Do you know what information you are sharing with your friends through your Facebook profile? Have you viewed your page as a visitor so you know what the public can view when landing on your profile? We’re going to walk you through the Privacy Checkup which Facebook recently launched on the desktop, and guide you through how to secure your Facebook page while using your mobile device as well.
Recently, on many accounts, users have seen an alert that walks them through a Privacy Checkup on their profile. Even if you haven’t seen this option appear on your page, I’ll walk you through how you can easily update your settings, or the settings on your child’s profile, to beef up security on Facebook.
Did you know you can change who sees each of your Status Updates or Photos? Creating lists will help cater your audience for you. I have a list for all local (San Diego in my case) friends in case I’m sharing something specific to our area. I have a Family list which enables me to share personal Photos more frequently, a list of friends I know from high school, a separate list of College Friends, etc. since we all know Facebook makes it more challenging for us to see everyone’s updates in real time. This helps me see what they’re all up to by having these separate lists, while allowing me to reach them without clogging the feed with updates shared with everyone I’m connected to.

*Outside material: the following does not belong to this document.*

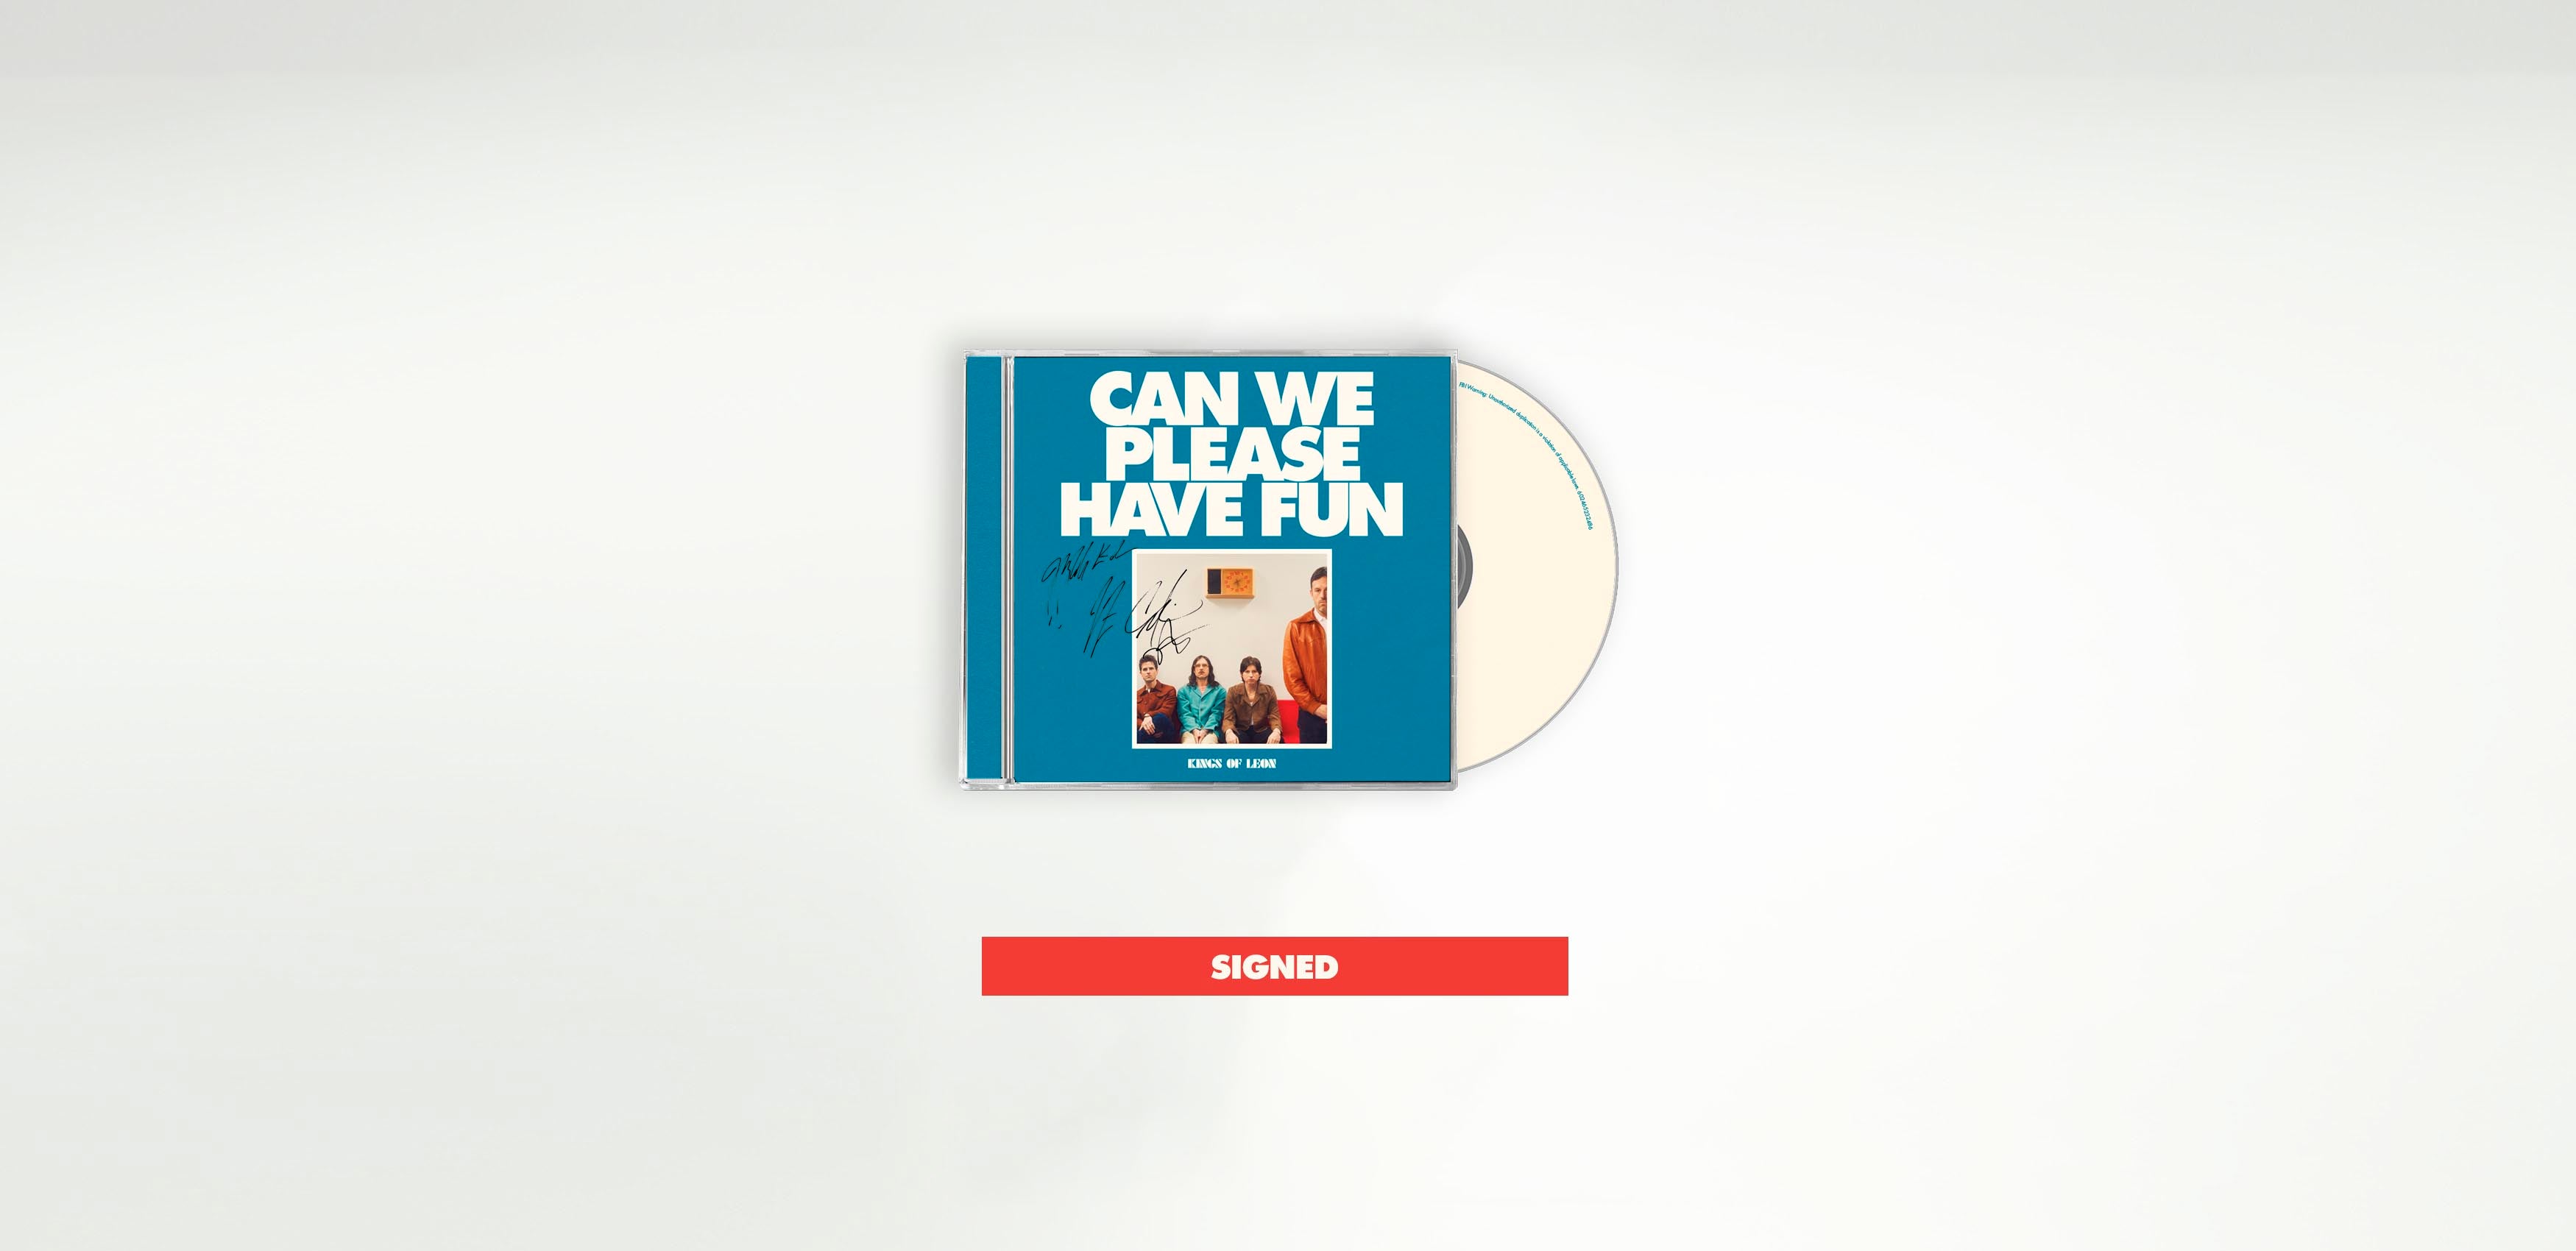 Can We Please Have Fun Limited Edition Signed CD

We’ll get to how to create these lists later. For now, make sure you have your settings set to Friends if that’s what you prefer. If Public is an option, consider whether or not you want to allow people to Follow you if you don’t want to put them on your Friends list.
You’ll see from the screenshot I’ve included, that I share many apps with Only Me, which makes me feel more comfortable using Facebook to login to third party sites. In case they should ever post to Facebook without my realizing it, only I will see it. You can delete apps you don’t recognize or want to be connected with by simply clicking on the X to the far right. You can change who sees the app updates by selecting the down arrow for more choices.
If you want to see what Activity you’ve shared with your Friends in the past, not to worry. You can still go back and change settings on things you’ve already shared on your Timeline. From your personal profile, select View Activity Log to see what’s been shared with whom. You can sort the Activity Log by type of Activity, from Posts You’re Tagged In to Groups, Events, Games and more.
Yes, in case you’re wondering, unless you’ve turned the options off, each comment, Like and activity shows up to your Friends, both on the Timeline itself and that little ticket to the right sidebar, which pretty much everyone I know dislikes.
If a Group you’re in is not Secret or Closed, there are ways that others outside the group can see what comments and discussions are taking place. This is one that people tend to not realize and you really have no control over unless you’re an Admin for the Group. Of course, once you switch a Closed Group to Secret (invite only and no one else can find it in search), you can’t change it back.
Under the About section of your profile, Friends and those who Follow you may be able to see personal information, including your phone number, email addresses and date of birth. In case you don’t mind sharing how old you are going to be on your next birthday, think about how often you’re asked for your DOB as a security measure for accessing bank accounts and other financial information. I choose to leave this off my page, but if someone really wants to reach me by phone, by all means, call me. I probably won’t answer it anyway if I don’t recognize the number.
I recommend using someone else’s profile you trust, like a spouse or sibling, to see what shows up on your profile page which you might not realize is there. From seeing which Groups you’re a part of to which Movies, Books and Games you’ve Liked, Facebook knows way too much about us these days.
Beefing up your Facebook Security is something you should do often, as their settings continually change, but it’s just as important for you to walk through these features with your children as soon as they setup their Facebook profile. Of course, children need to be at least 13 years of age to have an account, so if you feel comfortable with them, having access to their account (so they don’t create an Everyone But Parents list) is essential for keeping the safe and ensuring they don’t share TMI which could always come back to haunt them later on.